Bond films, if remastered (ie rescanned NOW in 8K with preservation goal to get digital negatives for next 50 years), will sell bonkers. If they just recycle the streaming versions, this will spell the end of the franchise. No one will care and the backlash will be hardcore.
As a "hardcore" aficionado of physical media (I do not subscribe to any streaming service, be it just audio or also video) I wish I could share your optimism. If you look at the market, hardly anyone still sells decent CD, DVD, or Blu-ray players (I suppose the same goes for 4K, just never cared to check). Apart from the gung-ho all time greatest hits, movies are either no longer (or not in the first place) available on disc (let alone BD), or only at horrendous prices for used specimens. The same goes for music CDs. Just because some "freaks" have enabled the renaissance of vinyl albums - by paying ridiculous sums for them, pretending they sound so much better than CDs that flipping over the record after twenty minutes is negligible - doesn't mean that will also apply to CD/DVD/BD.

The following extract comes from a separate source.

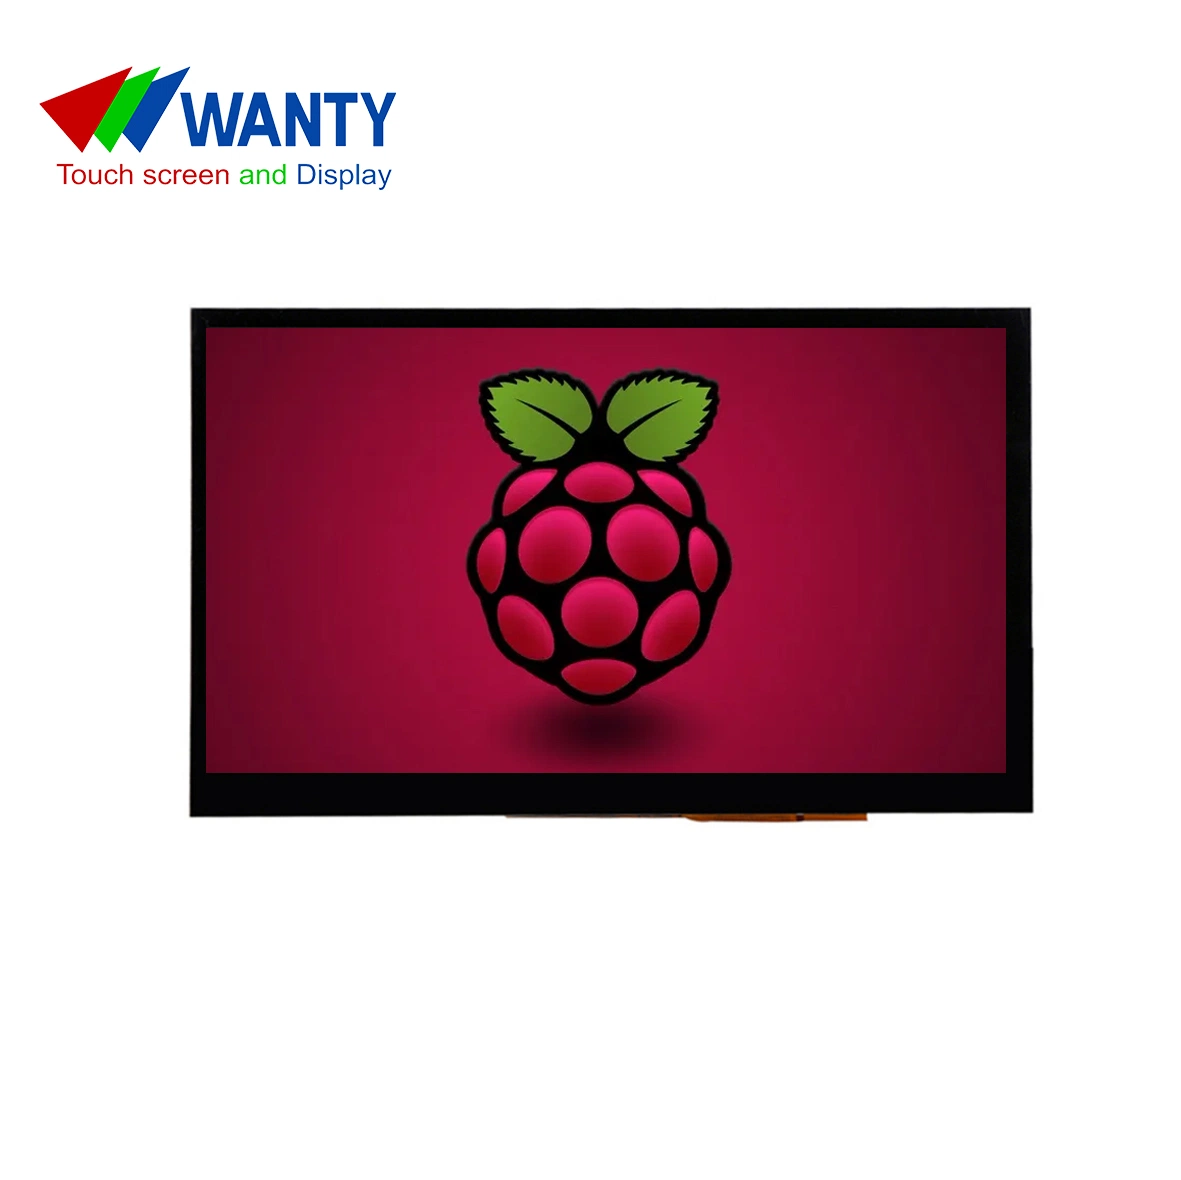 Écran LCD TFT TN capacitif 800x480 GG C-Touch Panel HDMI 7 pouces d'usine Moniteur tactile LCD Raspberry Pi

My impression is that the trend is actually going towards LESS quality. One may not expect this with 4K or even 8K being around, but fifty years ago (yes, I'm that old) it was expected among peers to have some sort of hi-fi equipment from established brands. Not necessarily speakers that cost $10,000 a piece, but everybody was considering the frequency range of his speakers, wow and flutter of his tape recorder and total harmonic distortion of all the other elements of your hi-fi set. And you wouldn't wish to be caught with in-ear speakers, you needed really good loudspeakers.
Those times are gone. I'm not among those who have been saying all the time that the CD was a setback from the vinyl LP acoustically, but the step from CD to MP3 definitely was, because much of the recorded information got lost. And most of the major hi-fi brands, German or Japanese or whathaveyou, with a few exceptions, went bankrupt. And the others run a reduced program of mostly rather old models - not saying those are bad, but they don't try anything new any more. You can't buy a decent tape deck any more (you can't even buy decent tapes any more), and you are stuck with what you once recorded using a noise reduction technology that no longer exists.
No, I don't think that anyone will buy 8K remastered Bond films in numbers that will cause companies to produce them. I'm not the only one who doesn't even feel like replacing his lower-definition discs by 4K. Count on 8K discs being a niche product that normal customers will never choose to buy, if they are issued at all.
Physical media are finished. And I don't like it, but I don't deny it, either.
Even if they don't release them on discs (which would be absurd, these are like printing money), they NEED to do it for the posterity of the series.
They NEED to do it for any film that has a cultural significance.
Digital negatives are the future of films, and the old Lowry 4K remastered just aren't up to snatch with today's basic requirements.
Though the numbers are down (because people now just buy iPhones instead of speakers, amps and players), the market is still healthy. Look at vinyl, it made a come-back. Society is evolving, physical isn't going anywhere but up from now on.
The fairly deadly diary edition
What other movies have been remastered in 8K, especially on the scale of Bond films??
They're newly found, screened for the first time last weekend. I believe they contain some elements from some screentests as well as from the shooting of the movies, I don't think there's any sound.
Given Brosnan's GoldenEye watchalong, and Craig's current attitude towards Bond in the press, I would think that they would not be willing! Always welcome new behind the scenes content though. I'm holding out hope for a better looking NTTD Steelbook one day.